Other solutions here classify device screens into 4 buckets (small, normal, large, x-large).
For those looking to classify the device into the 6 drawable buckets instead, the following approach can be used.
The advantage of this approach is that it is not required to perform screen density calculations, which may differ from the way the OS does it. This solution instead relies purely on the OS to decide the density bucket. The disadvantage of this solution is that it requires creating redundant drawable resources, which is not elegant.
The are 6 screen density buckets:
- drawable-ldpi
- drawable-mdpi
- drawable-hdpi
- drawable-xhdpi
- drawable-xxhdpi
- drawable-xxxhdpi
The solution requires creating 6 drawables, and placing a copy into the density folders, so that each density folder is missing the correspondingly named resource. For example, pixel_not_ldpi.png, should be placed into all folders, except the drawable-ldpi folder.
resources
- pixel_not_ldpi.png // copy to the 5 folders, except drawable-ldpi
- pixel_not_mdpi.png // copy to the 5 folders, except drawable-mdpi
- pixel_not_hdpi.png // etc..
- pixel_not_xdpi.png // etc..
- pixel_not_xxdpi.png // etc..
- pixel_not_xxxdpi.png // etc..
Notes:
- Do not place any of these resources inside the general 'drawable' folder.
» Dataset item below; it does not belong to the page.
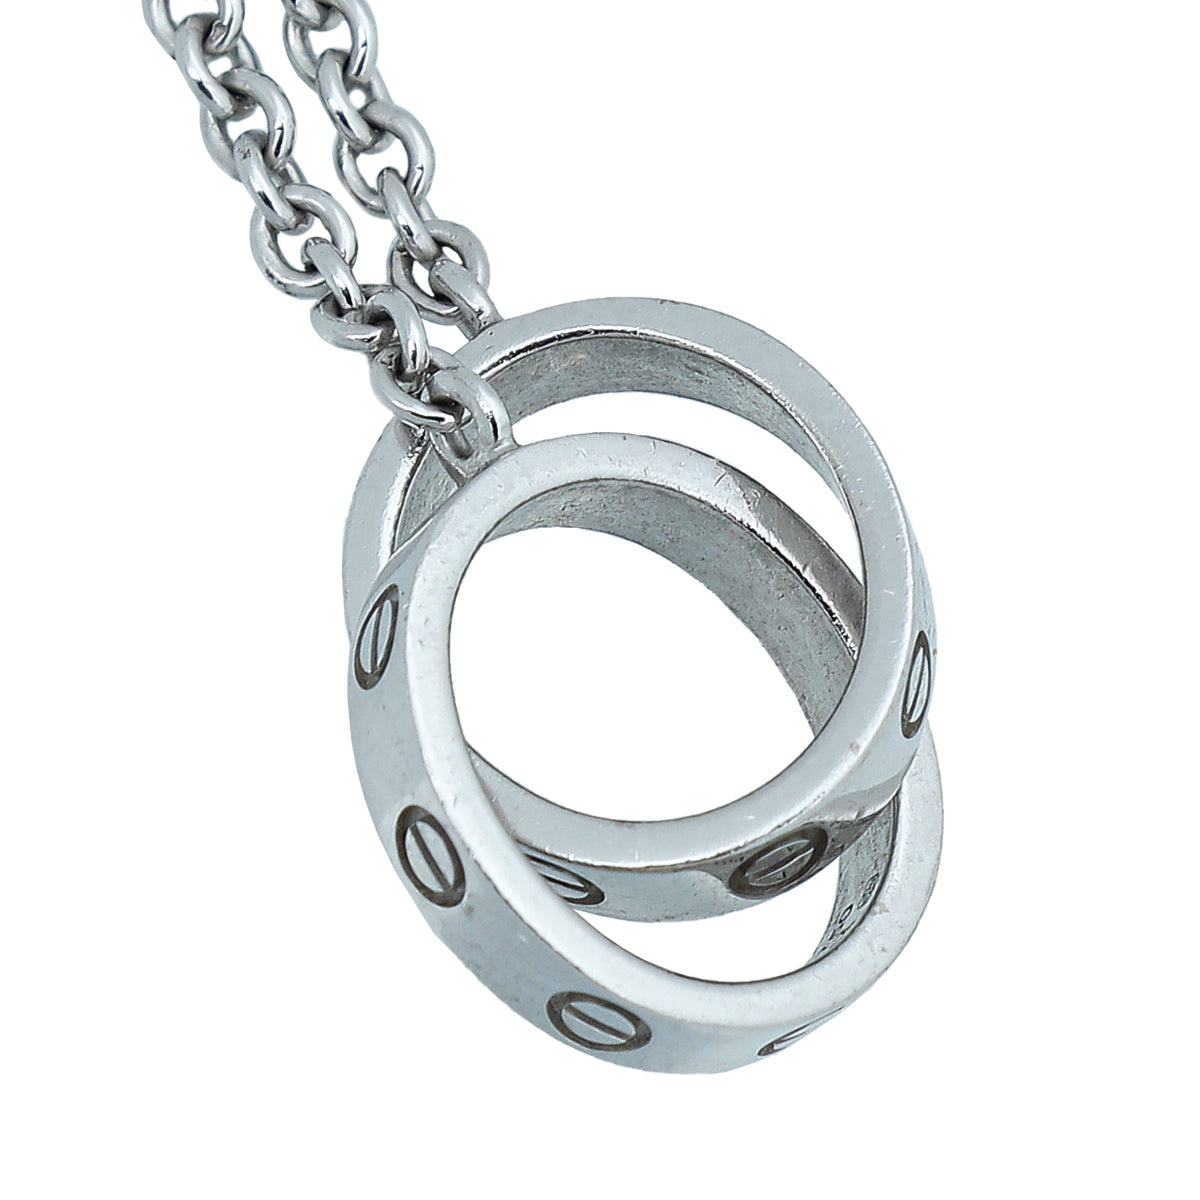 Cartier 18K White Gold Love Hoop Small Necklace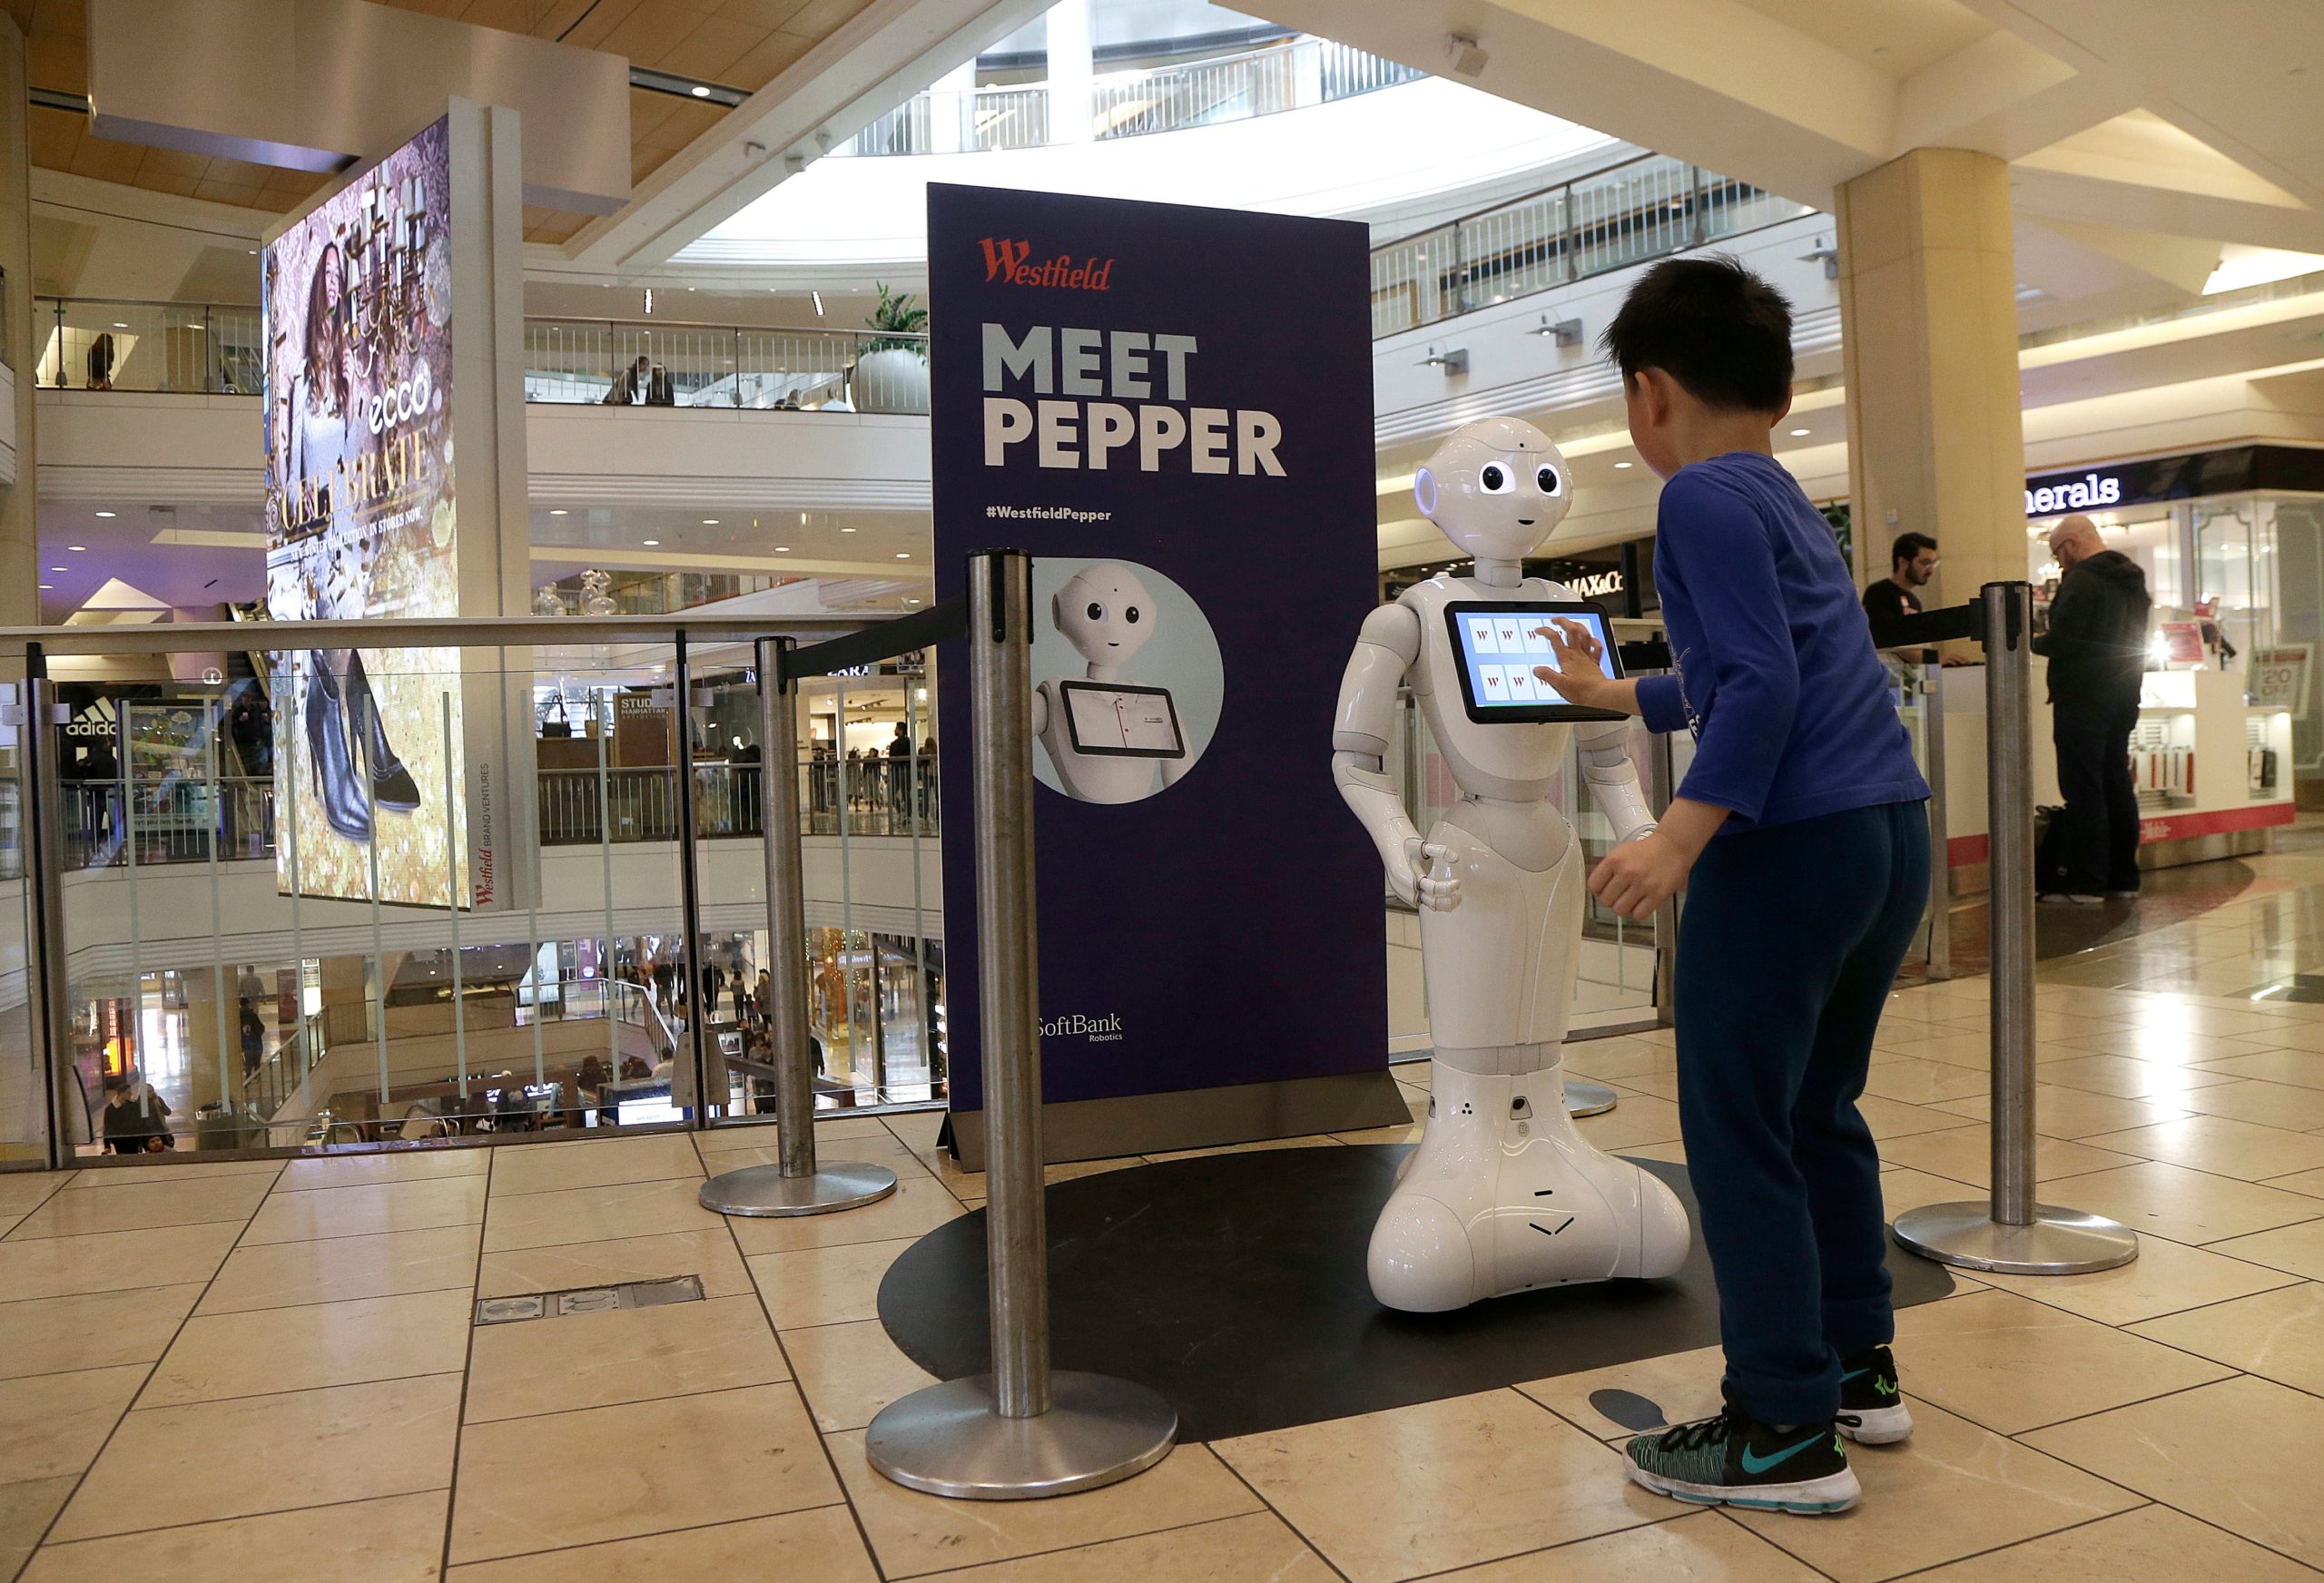 A boy plays with Pepper the robot at Westfield Mall in San Francisco on Dec. 22, 2016.  (Photo: Jeff Chiu, AP)

- It's best to create a 1x1 pixel png image, which is only 68kb, and is smaller than a 1x1 jpeg image. Also make sure to strip meta data from these images to save space.
Once the images are placed, write a helper method which attempts to load each of these resources using 6 try/catch blocks. Catch the Resources.NotFoundException. Whichever resource throws the exception, that is the screen density of the device. This works with Android App Bundles.
It's not an ideal solution, but it answers the question comprehensively, and unlike other solutions, which involve arithmetic, it relies purely on the OS to determine density.
Edge Case: incorrect side-loading of App Bundle
Some users side-load their apps, by downloading them from outside the play store, or otherwise, and can make the mistake of downloading only a part of the resources present in the whole app bundle. Such users are able to install and launch the app, but some resources might be missing, which would cause a resource not found exception to fire inside one of our try/catch blocks above, making it impossible to determine whether the resource was missing intentionally, or unintentionally (due to an incomplete app bundle).
To differentiate the two cases, simply use the same approach. Place another resource, pixel.png into all 6 density drawable folders, and try to load it using a try/catch. If it throws, then the app was downloaded incorrectly.